Records contained in a dataset
════

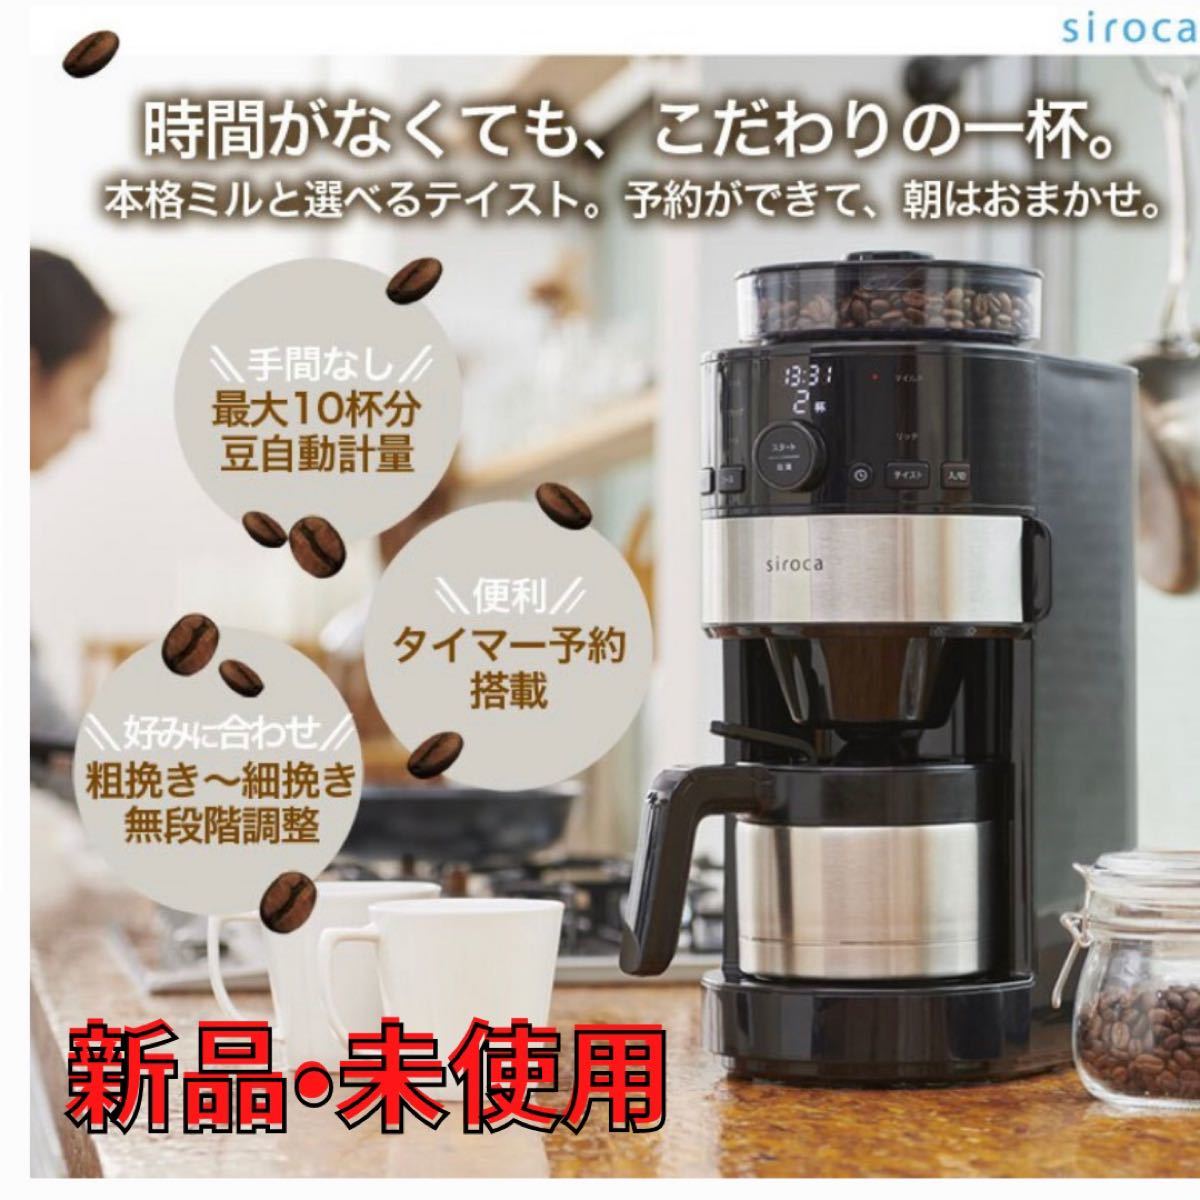 シロカ siroca コーン式全自動コーヒーメーカー SC-C122
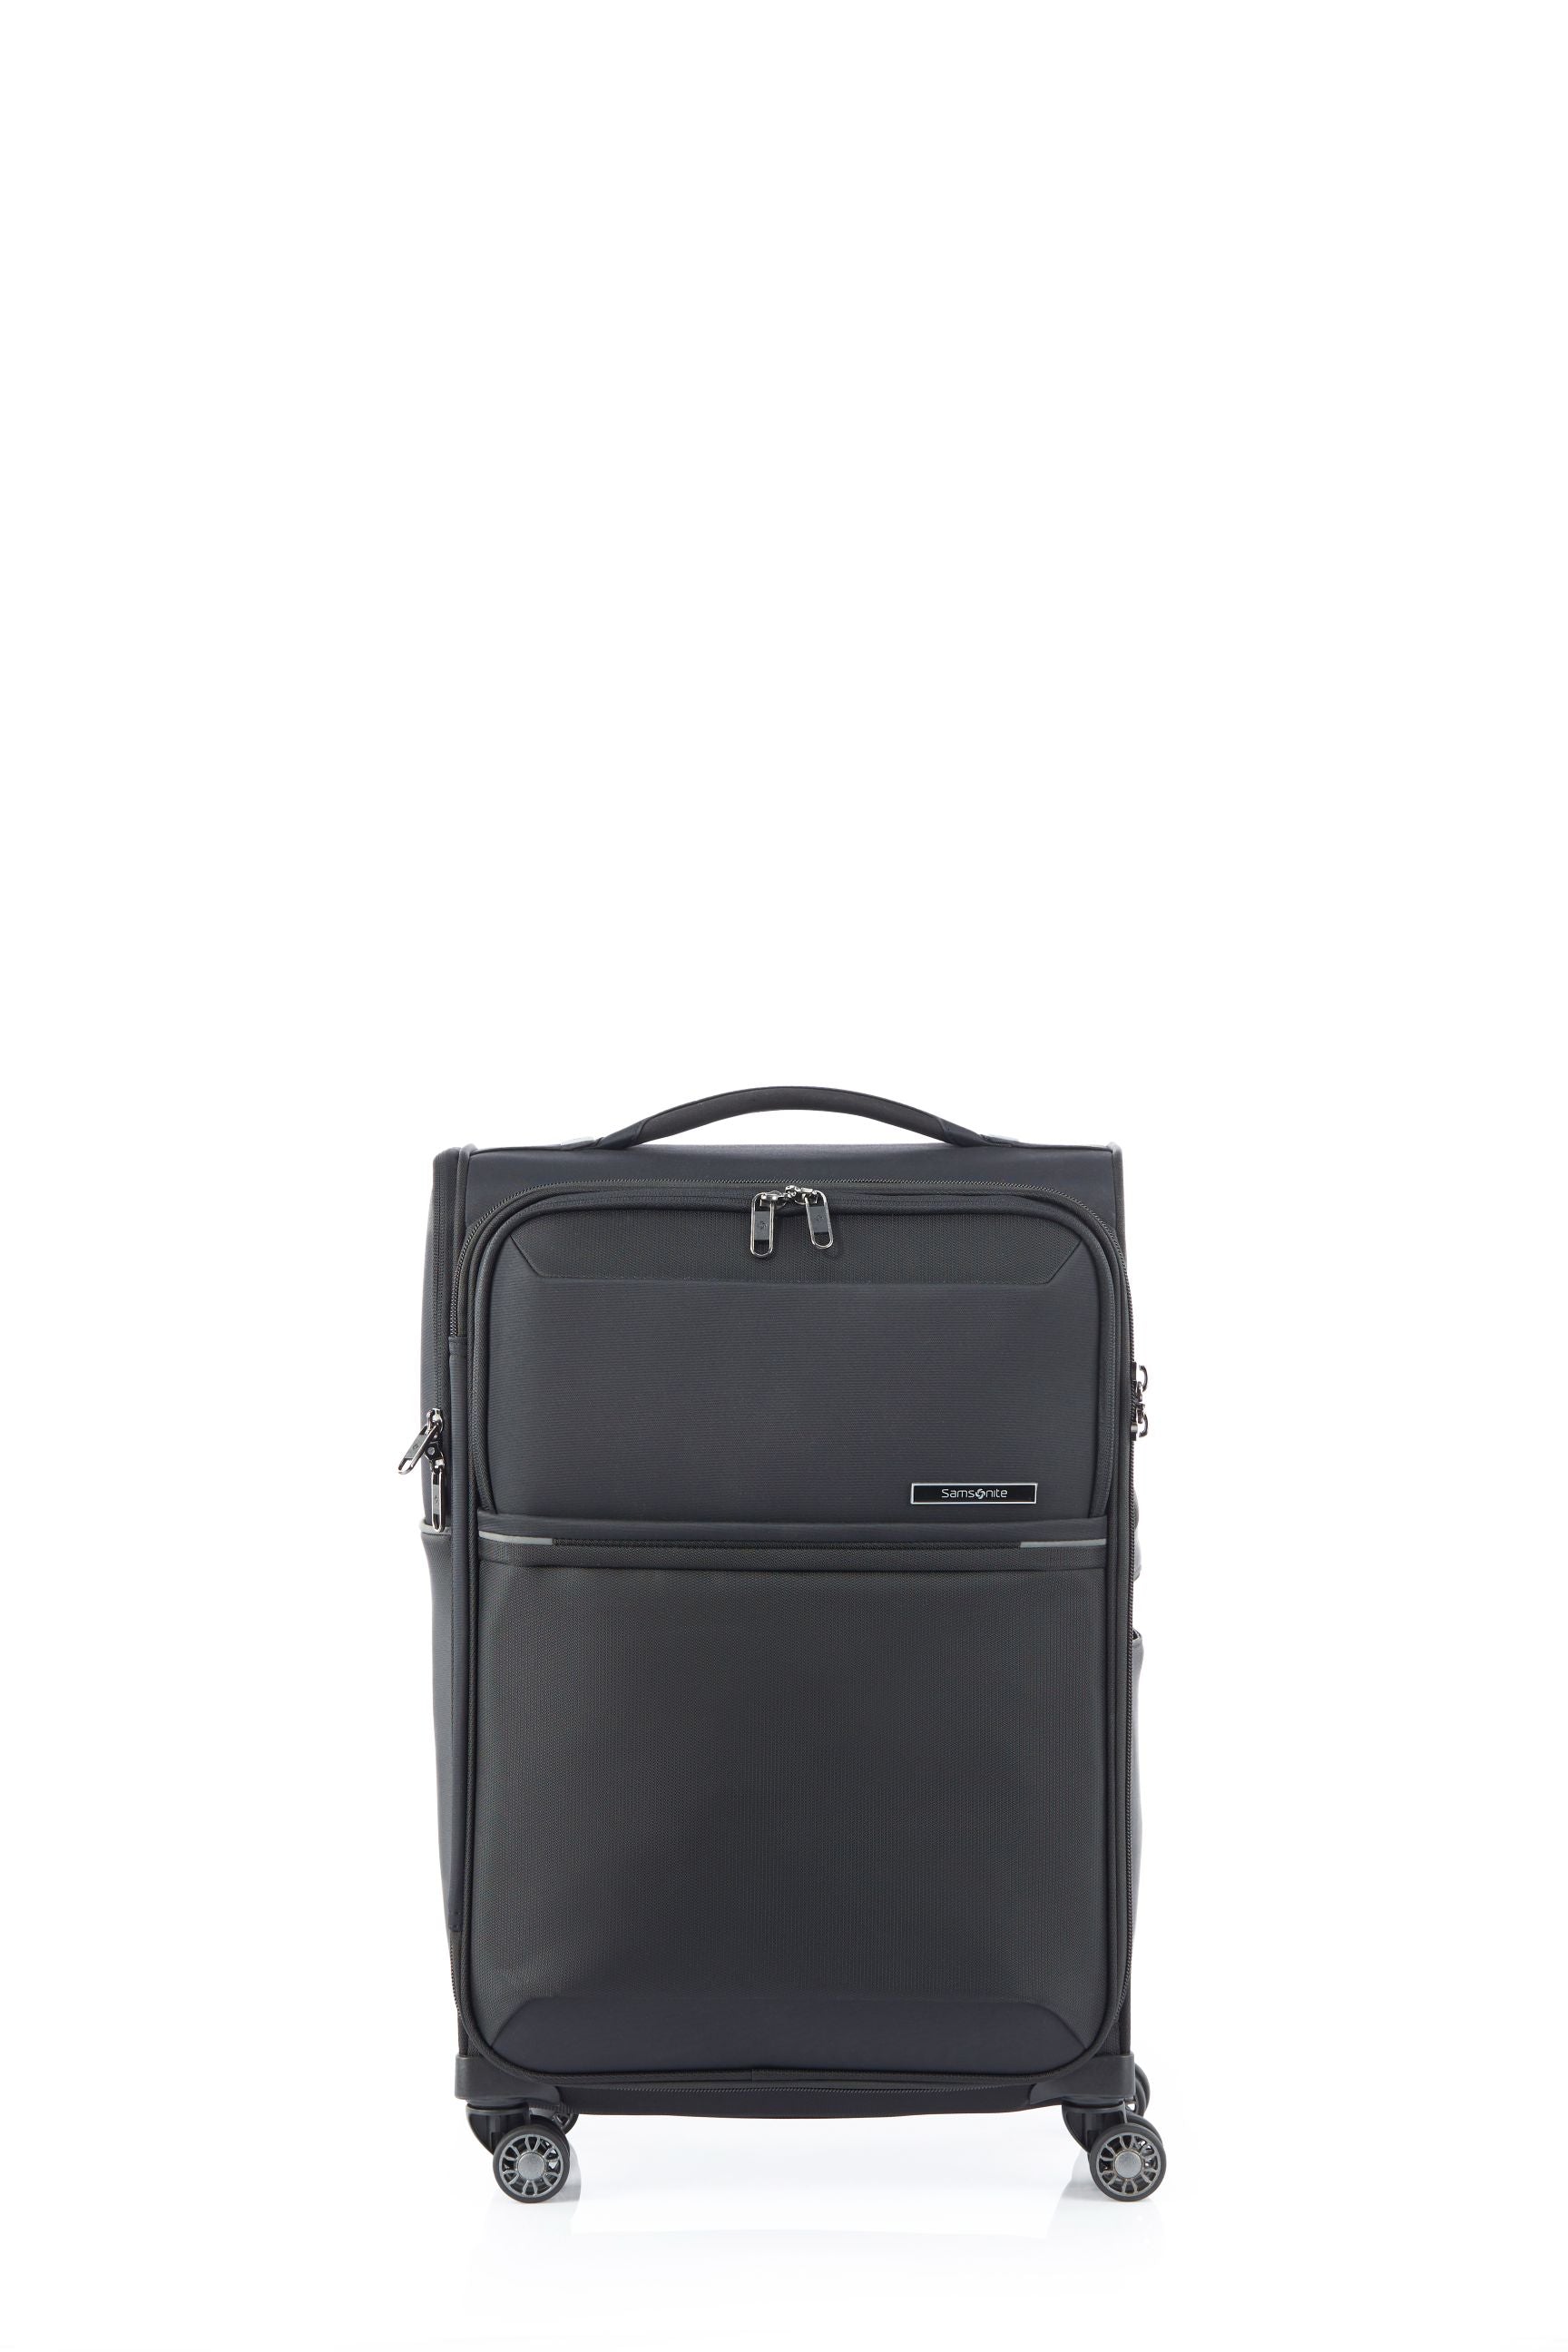 Samsonite - 73HR 55cm Small Suitcase - Black-2
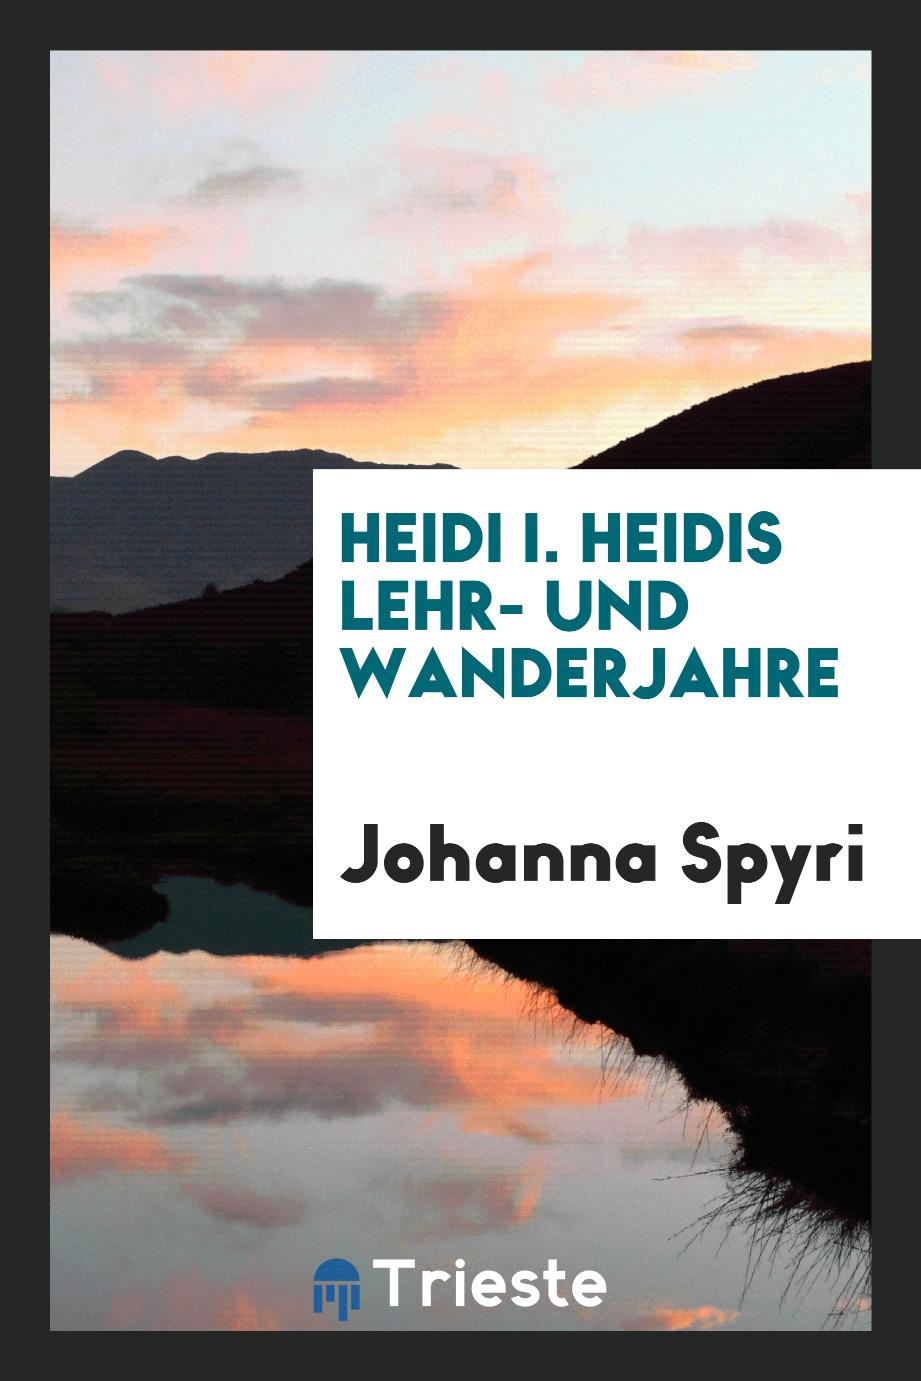 Heidi I. Heidis Lehr- und Wanderjahre
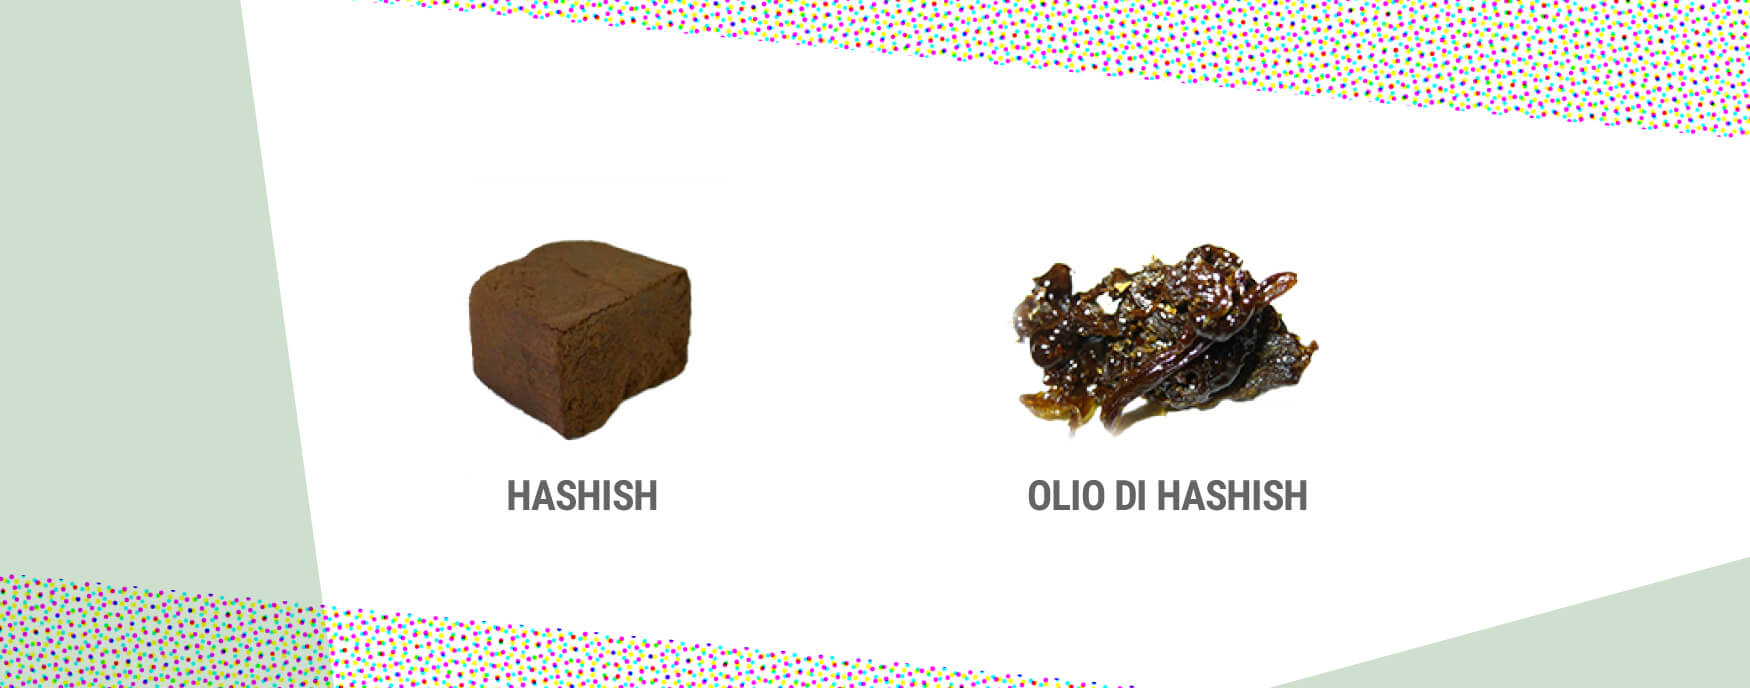 Hashish e olio di hashish
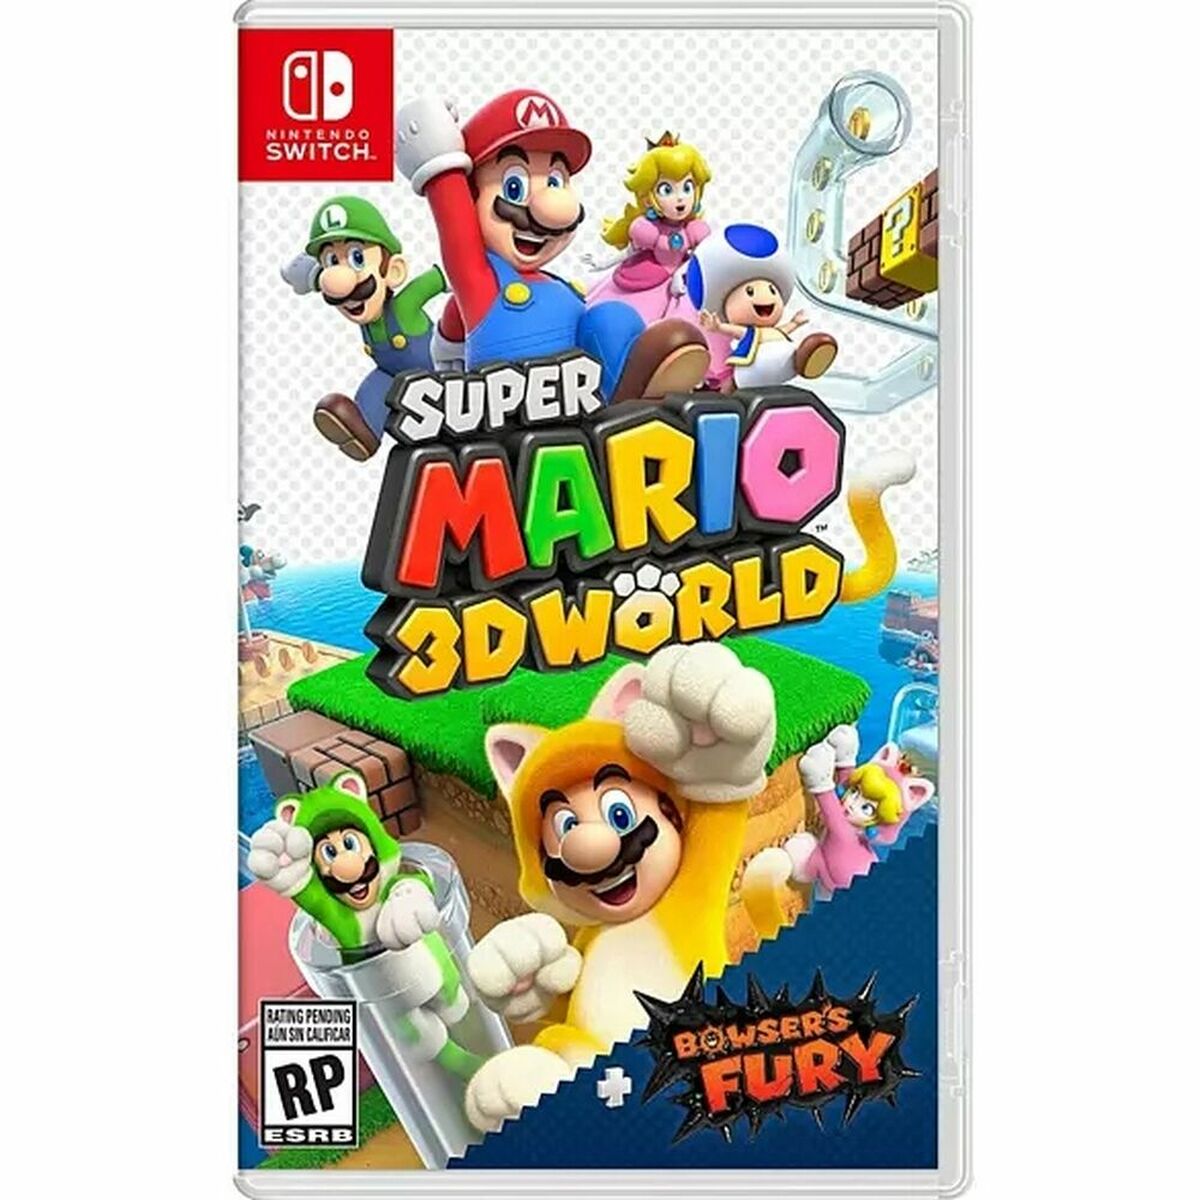 Jeu vidéo pour Switch Nintendo Super Mario 3D World + Bowser’s Fury

════

WHAT THE TASK ASKS: From the first line to the last, write out the data exactly, dropping any pictures.

TASK ANSWER:
 シロカ siroca コーン式全自動コーヒーメーカー SC-C122
 Samsonite - 73HR 55cm Small Suitcase - Black-2
 Heidi I. Heidis Lehr- und Wanderjahre
 Hashish e olio di hashish
 Jeu vidéo pour Switch Nintendo Super Mario 3D World + Bowser’s Fury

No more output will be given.